Pictures should be left out when the listing below is repeated word for word.

Segment Start: EXERCISE DATA

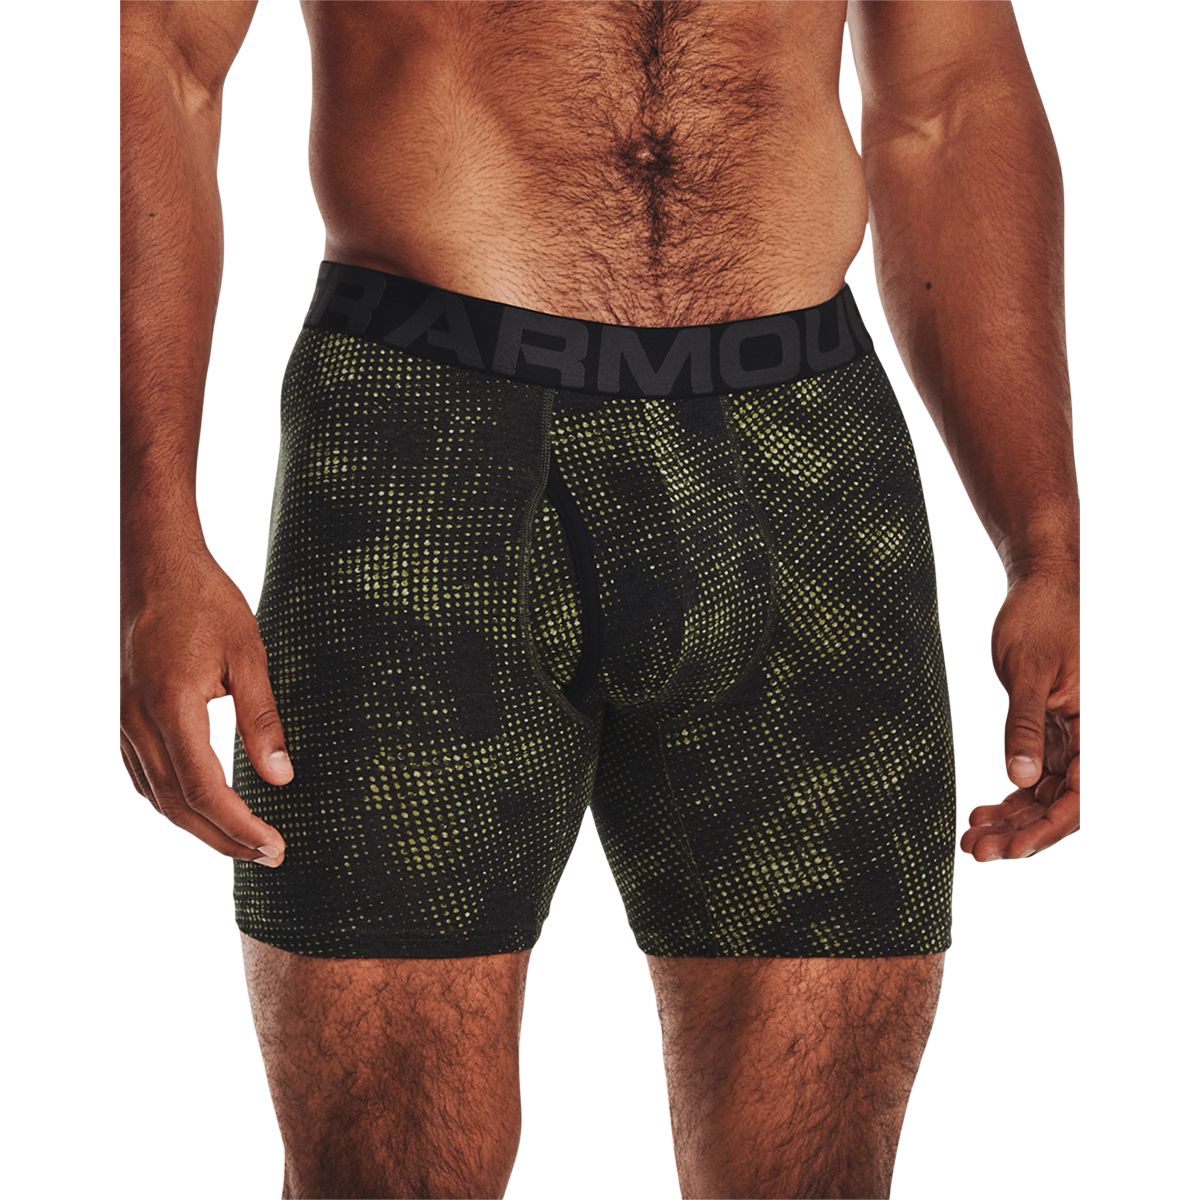 Under Armour Q17405 Assorted 3-Pack 6 Boxer Briefs Underwear Men's Size M
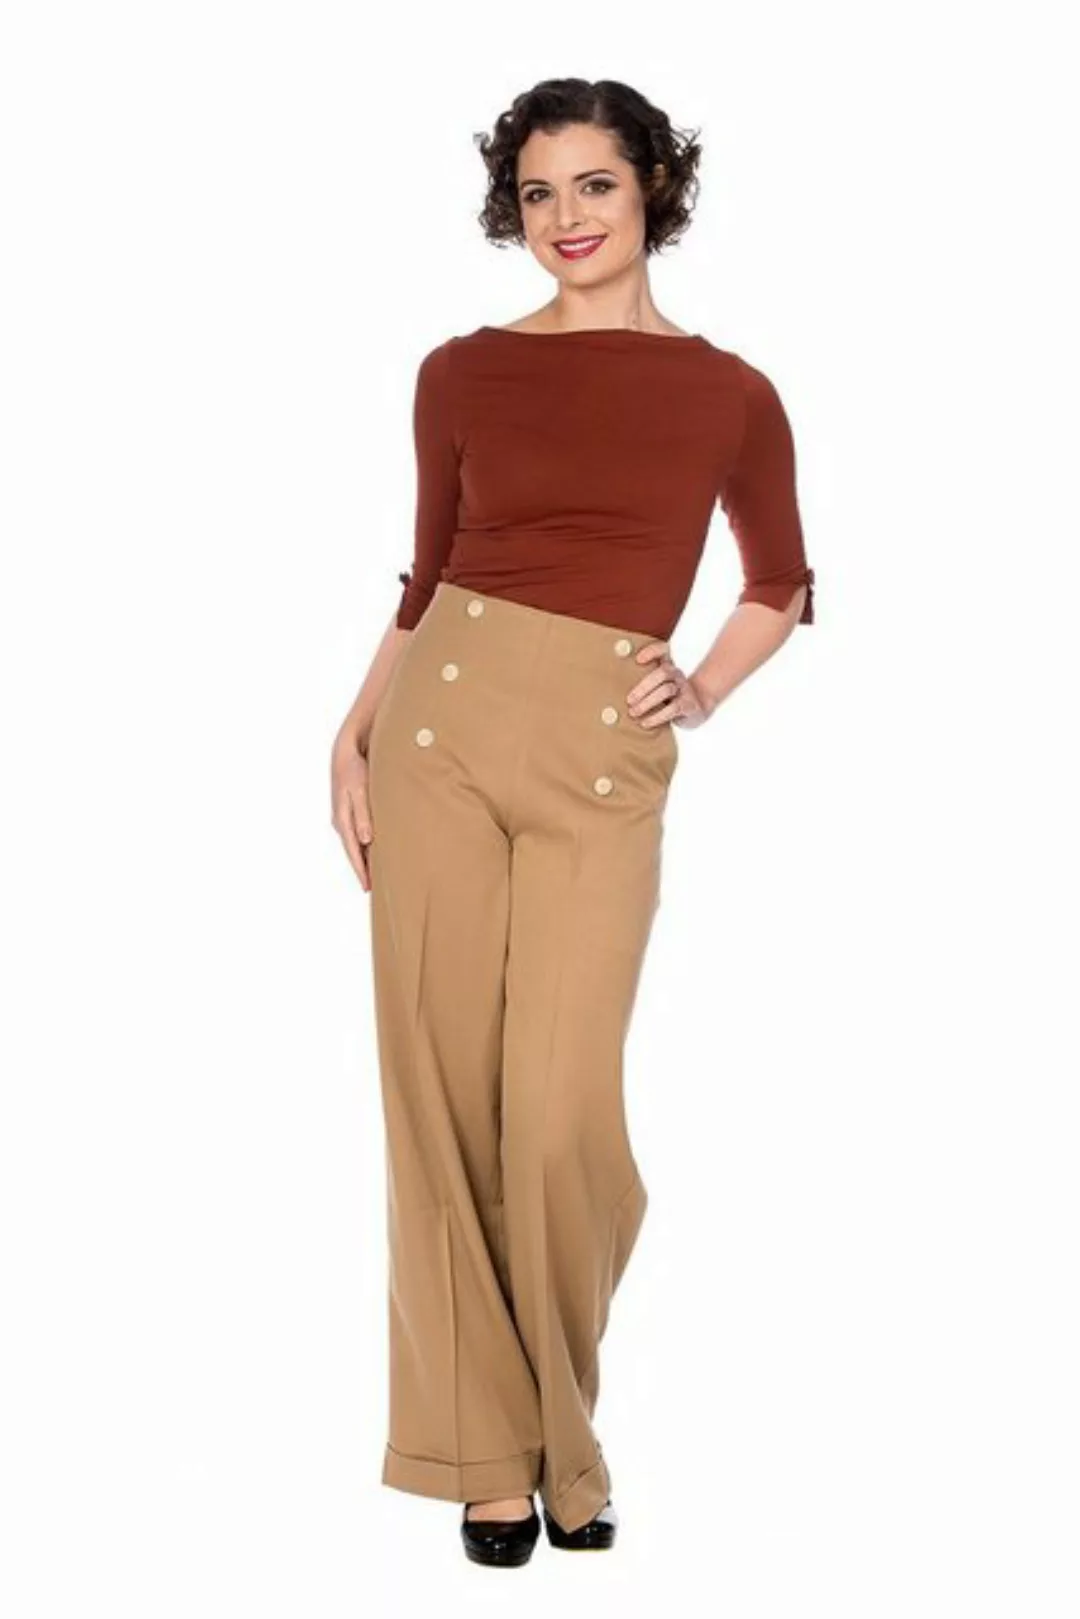 Banned Marlene-Hose Retro Adventures Ahead Tan Braun Vintage Trousers 40er günstig online kaufen
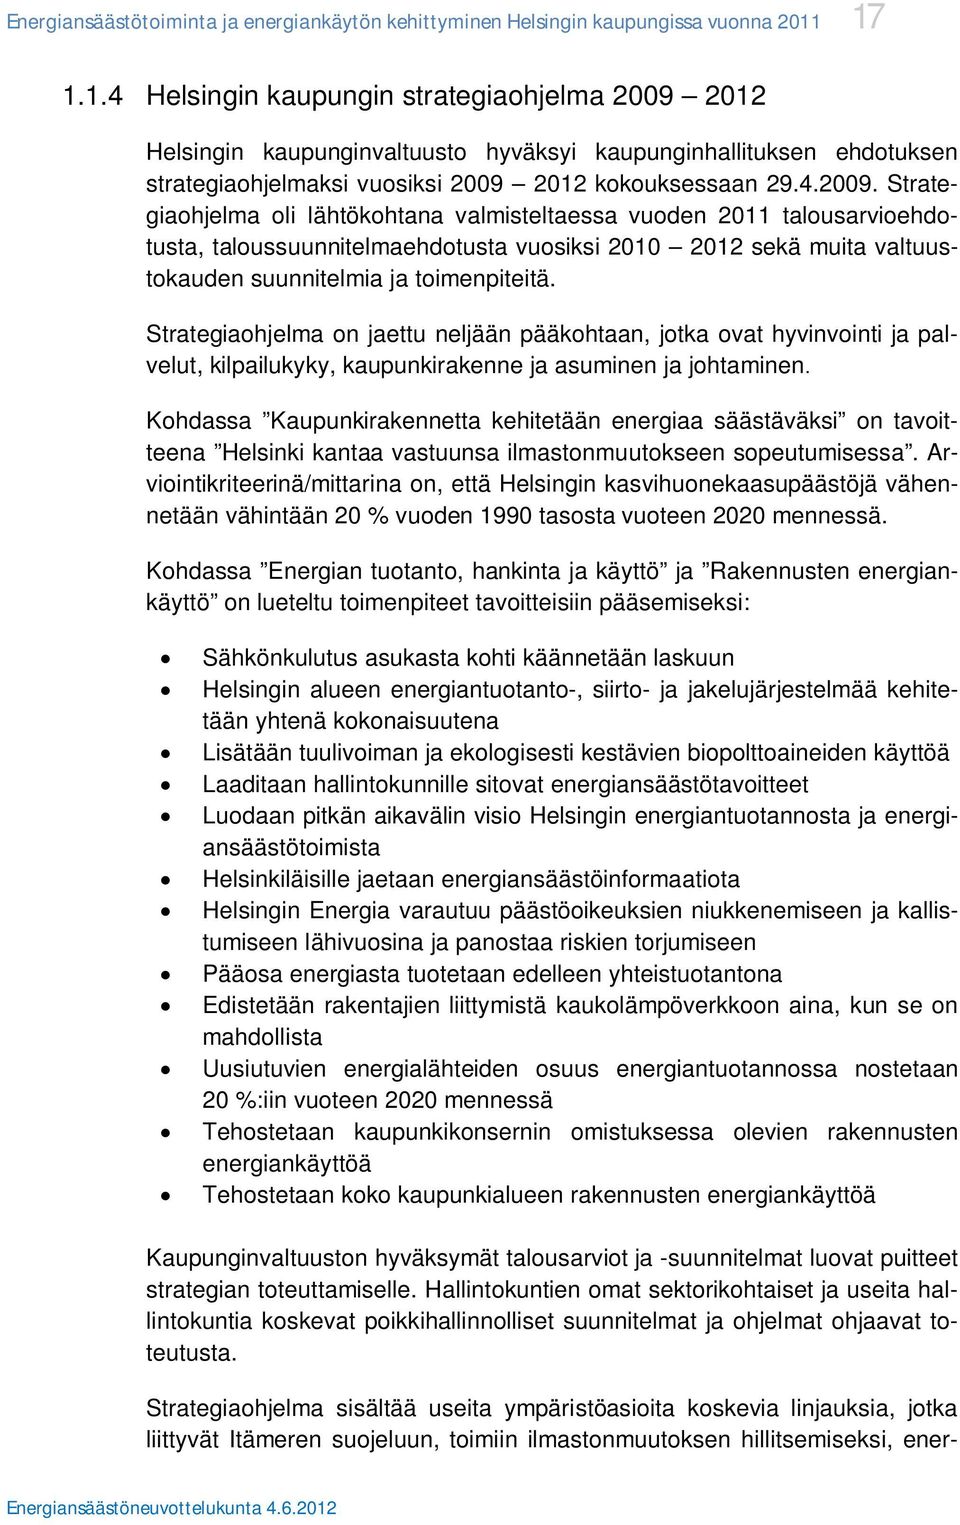 2012 Helsingin kaupunginvaltuusto hyväksyi kaupunginhallituksen ehdotuksen strategiaohjelmaksi vuosiksi 2009

Segment End: EXERCISE DATA

• _SOLUTION FOR THIS PROBLEM_
 Under Armour Q17405 Assorted 3-Pack 6 Boxer Briefs Underwear Men's Size M
 Banned Marlene-Hose Retro Adventures Ahead Tan Braun Vintage Trousers 40er günstig online kaufen
 2012 Helsingin kaupunginvaltuusto hyväksyi kaupunginhallituksen ehdotuksen strategiaohjelmaksi vuosiksi 2009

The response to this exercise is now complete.